Hi @PhanLe1010 @ZhangShuaiyi I tried the same reproduce steps on Kubernetes v1.26.0 It did show the error messges several times, but the pod got deleted successfully in the end Can you help to verify that, thanks!
@PhanLe1010 Yes. Looking forward to your feedback.
In a Harvester recreate I did NOT hit @PhanLe1010’s log of:
I DID multiple similar logs to @ZhangShuaiyi:
This was followed by many of the expected:
While investigating a similar scenario in https://github.com/longhorn/longhorn/issues/6961, I wondered why Longhorn never recovered, even though the pod consuming it on the rebooted node was (presumably --force) terminated. An orphaned volume attachment remained, and Longhorn was never instructed to detach the volume from the old node.
The attach/detach controller has a 6 minute timeout. If it thinks a volume should be detached but kubelet on a node is still reporting it as attached and/or in use (
kubectl get node -oyaml), it will wait 6 minutes and then just force detach it (call ControllerUnpublishVolume). HOWEVER, this timeout is only effective as long as the node in question is unhealthy.So, in the reboot scenario, if kubelet comes back quickly enough and hits this GitHub issue, it is never force detaches and the volume is stuck (it can never be attached to a different node, and, if it is a migratable volume, it gets into a weird migration situation).
I think if the node never comes back, the volume will be force detached and the associated volume attachment will go away. This at least allows the Longhorn volume to be used by another node.
Relevant code:
https://github.com/kubernetes/kubernetes/blob/a1a87a0a2bcd605820920c6b0e618a8ab7d117d4/pkg/controller/volume/attachdetach/reconciler/reconciler.go#L214C1-L235C5
Confirming logs (with kube-controller-manager logs turned up to 5):
Deleting the volume attachment manually unsticks the volume and allows it to be used elsewhere. However, the kubelet on the old node continues to report it as attached and in use and continues to log these errors.

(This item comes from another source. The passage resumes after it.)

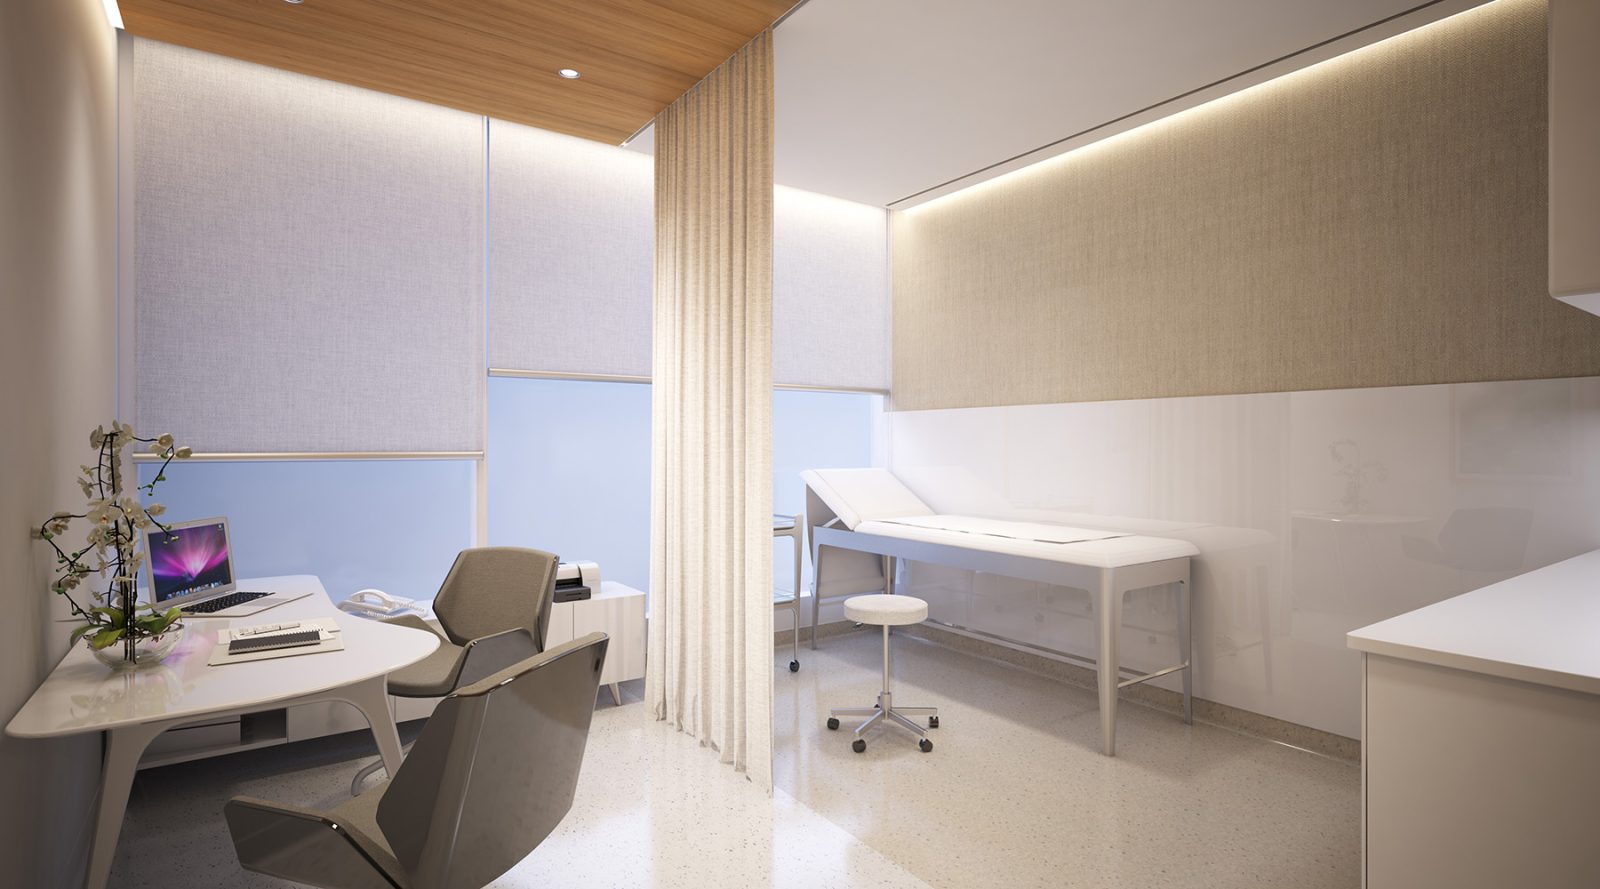 جداسازی فضا در طراحی دکوراسیون داخلی مطب پزشک
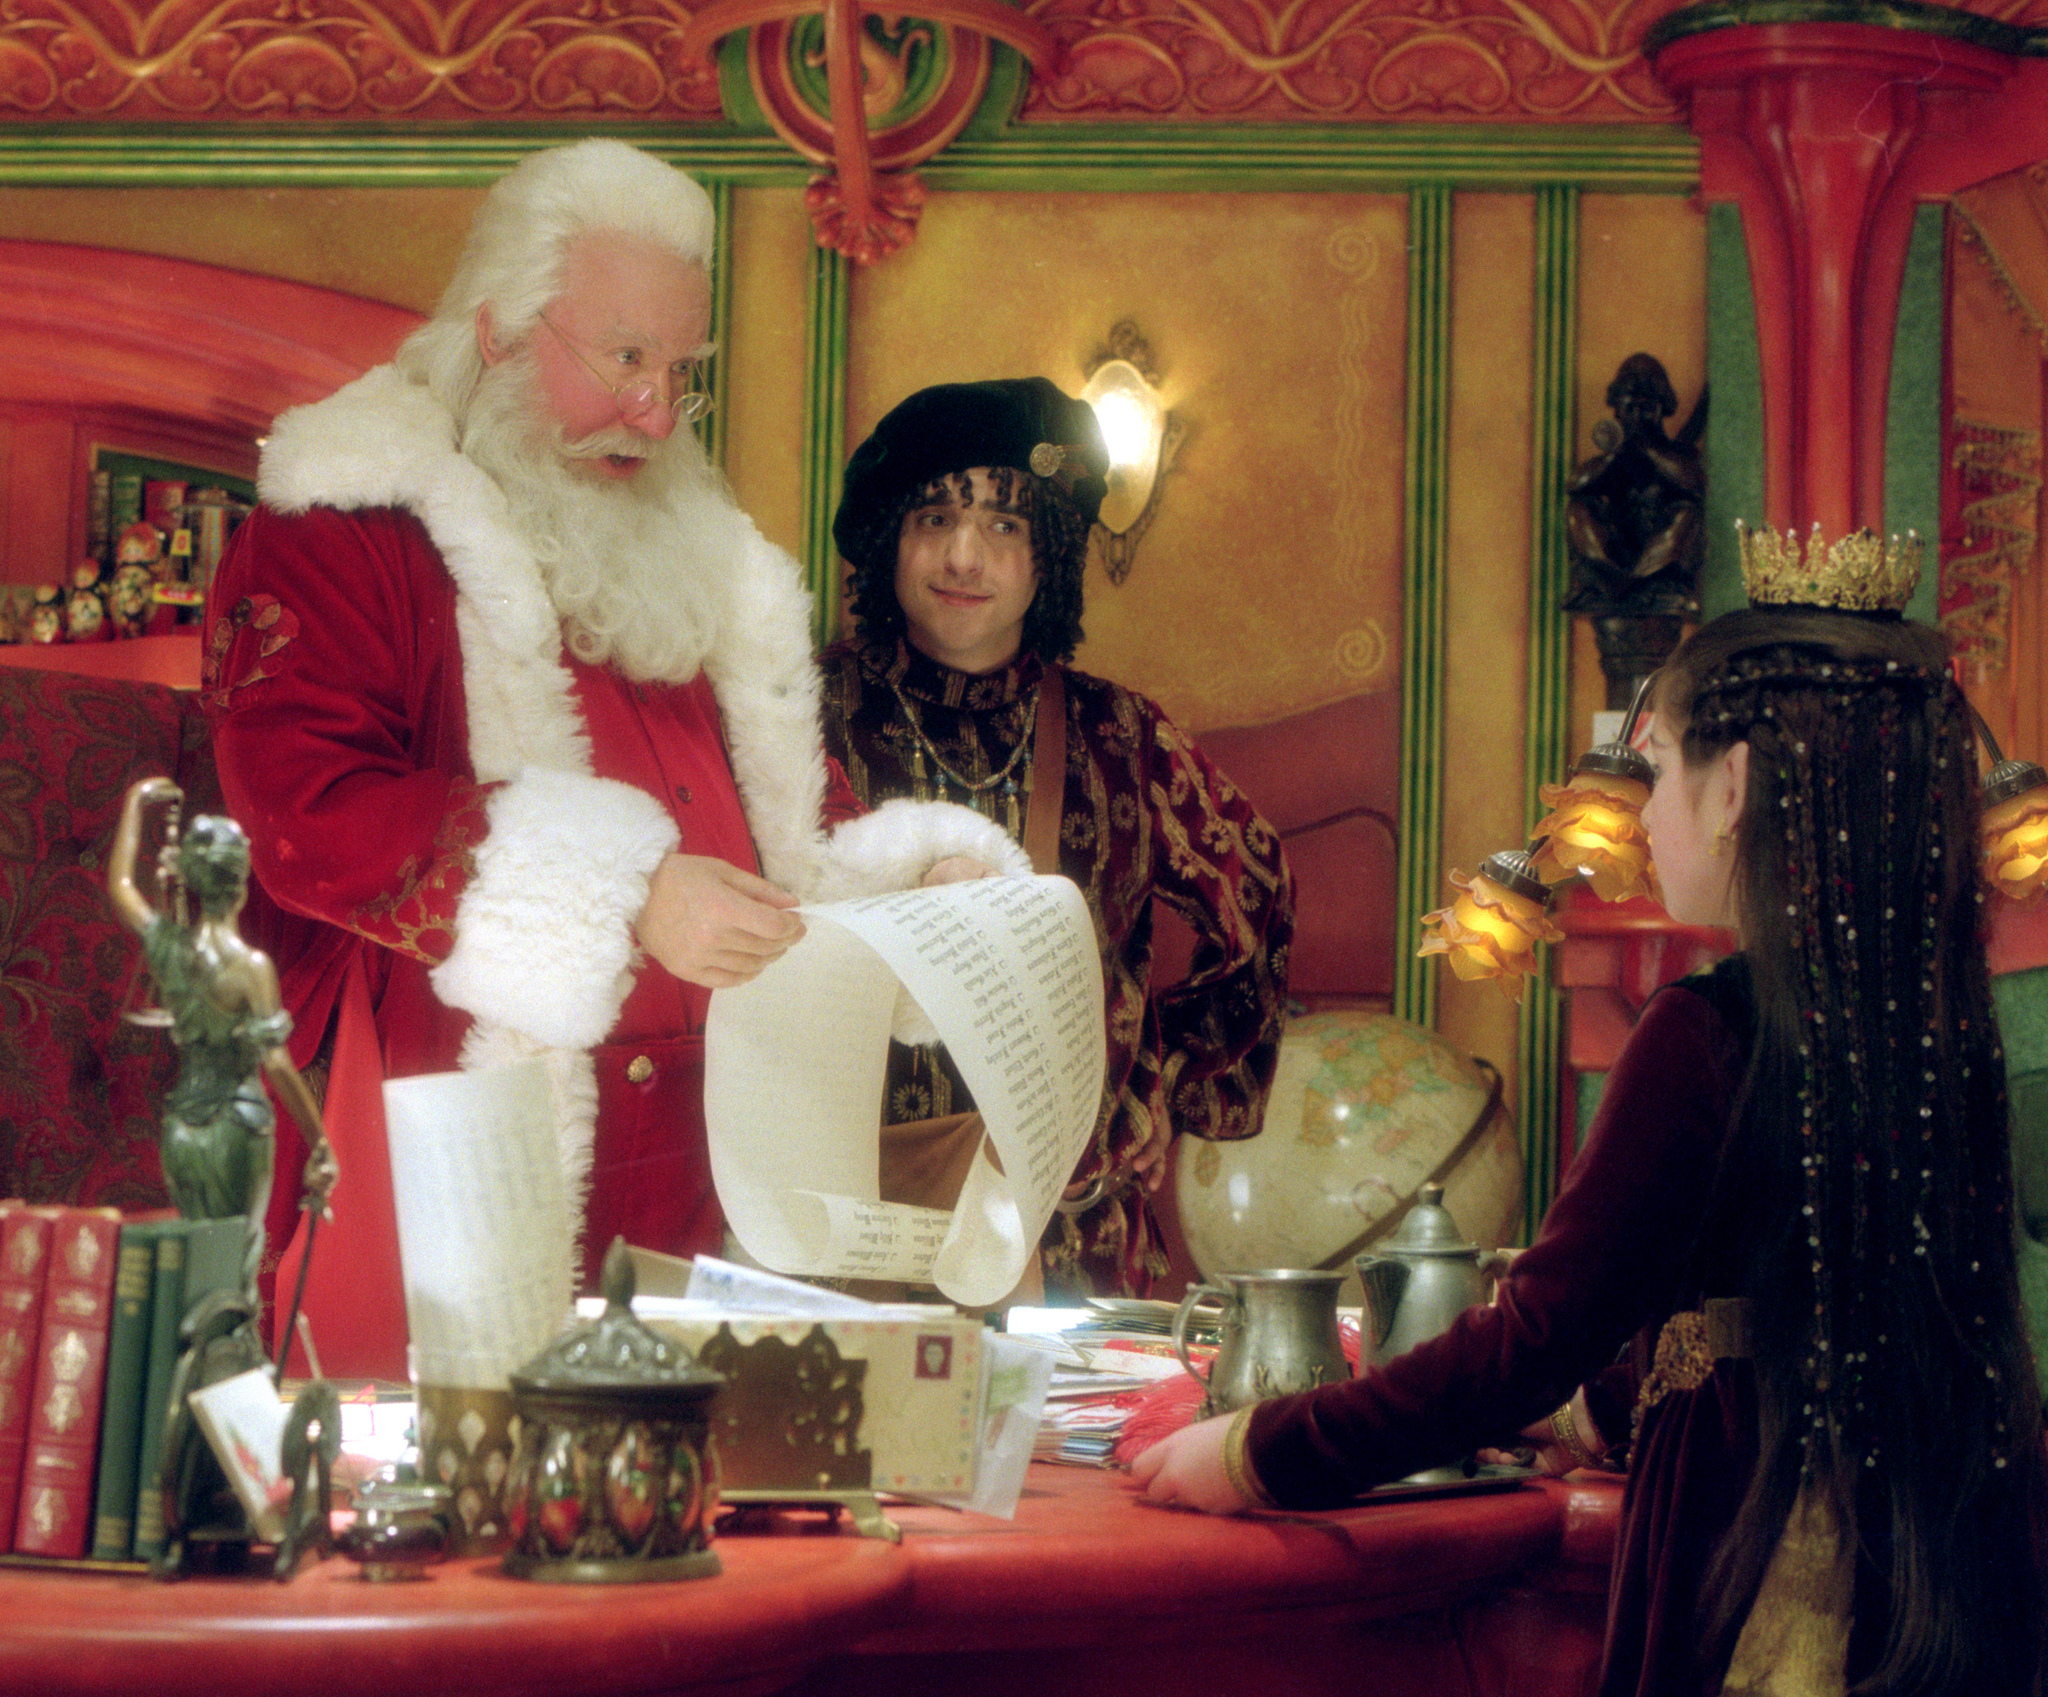 Still of Tim Allen and David Krumholtz in The Santa Clause 2 (2002)

@PhanLe1010 Yes, I am experiencing the same problem. I think it’s no need to call
actualStateOfWorld.MarkDeviceAsUnmountedinmarkDeviceErrorStateif volume was previously reconstructed. I opened a PR to do this.@PhanLe1010
Does kubelet have the error
Error: MapVolume.SetUpDevice failed for volume ... : kubernetes.io/csi: blockMapper.SetUpDevice failed to get CSI client: driver name ... not found in the list of registered CSI drivers? In my environment,csi.(*csiBlockMapper).SetUpDevicecan be succeed sometimes.